Another insight from our research is that inhibition of angiogenesis should never be achieved by counteracting tumour-produced growth factors or their receptors. This would easily induce resistance to the drug, as tumour cells mutate10. Instead, anti-angiogenic drugs should be directly targeted towards the tumour vasculature. CimCure’s research is directly aiming for that11,12. The large number of advantages of a vaccination approach over the use of small molecules or monoclonal antibodies underpins the impact of CimCure’s iBoost technology13.

CimCure’s research has led to the filing of 2 patents, one in 2015, and one in 2022, both protecting the technology of our vaccine strategy as well as the identified target molecules. CimCure has a world-wide exclusive licence for both patents.


  1. Griffioen AW, Damen CA, Blijham GH, Groenewegen G. Tumor angiogenesis is accompanied by a decreased inflammatory response of tumor-associated endothelium. Blood 1996; 88(2): 667-73.
  2. Griffioen AW, Damen CA, Martinotti S, Blijham GH, Groenewegen G. Endothelial intercellular adhesion molecule-1 expression is suppressed in human malignancies: the role of angiogenic factors. Cancer Res 1996; 56(5): 1111-17.
  3. Dirkx AE, oude Egbrink MG, Castermans K, et al. Anti-angiogenesis therapy can overcome endothelial cell anergy and promote leukocyte-endothelium interactions and infiltration in tumors. Faseb J 2006; 20(6): 621-30.
  4. Dings RP, Vang KB, Castermans K, et al. Enhancement of T-cell-mediated antitumor response: angiostatic adjuvant to immunotherapy against cancer. Clin Cancer Res 2011; 17(10): 3134-45.
  5. Nowak-Sliwinska P, van Beijnum JR, Griffioen CJ, et al. Proinflammatory activity of VEGF-targeted treatment through reversal of tumor endothelial cell anergy. Angiogenesis 2023; 26(2): 279-93.
  6. Motzer R, Alekseev B, Rha SY, et al. Lenvatinib plus Pembrolizumab or Everolimus for Advanced Renal Cell Carcinoma. N Engl J Med 2021; 384(14): 1289-300.
  7. Rini BI, Plimack ER, Stus V, et al. Pembrolizumab plus Axitinib versus Sunitinib for Advanced Renal-Cell Carcinoma. N Engl J Med 2019; 380(12): 1116-27.
  8. Finn RS, Qin S, Ikeda M, et al. Atezolizumab plus Bevacizumab in Unresectable Hepatocellular Carcinoma. N Engl J Med 2020; 382(20): 1894-905.
  9. Huinen Z, Huijbers EJM, Van Beijnum JR, Nowak-Sliwinska P, Griffioen AW. Anti-angiogenic agents – overcoming tumor endothelial cell anergy and improving immunotherapy outcomes. Nat Rev Clin Oncol 2021; 18(8): 527-40.
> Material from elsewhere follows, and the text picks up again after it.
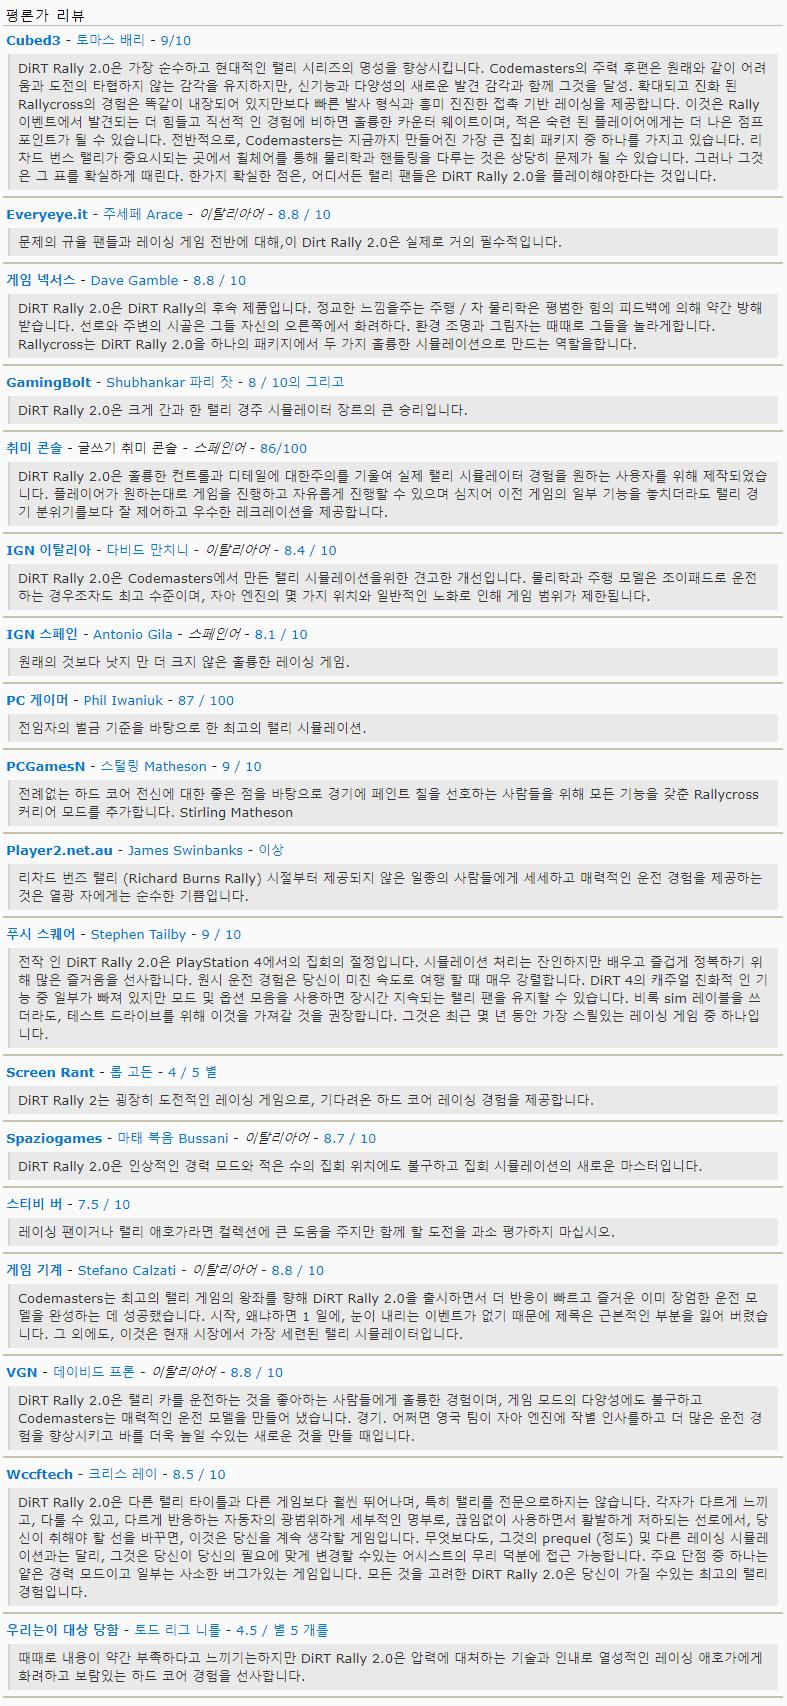 screenshot-www.reddit.com-2019.02.18-23-05-36.png

  10. Van Beijnum J, Nowak-Sliwinska P, Huijbers EJ, Thijssen VL, Griffioen AW. The great escape; the hallmarks of resistance to angiostatic therapy. Pharmacol Rev 2015; 67: 441-61.
  11. Thijssen VL, Postel R, Brandwijk RJ, et al. Galectin-1 is essential in tumor angiogenesis and is a target for antiangiogenesis therapy. Proc Natl Acad Sci U S A 2006; 103(43): 15975-80.
  12. Van Beijnum JR, Huijbers EJM, Van Loon K, et al. Extracellular vimentin mimics VEGF and is a target for anti-angiogenic immunotherapy Nat Commun 2022; 13: 20.
  13. Huijbers EJM, Van Beijnum JR, Le CT, et al. An improved conjugate vaccine technology; induction of antibody responses to the tumor vasculature. Vaccine 2018; 36: 3054-60.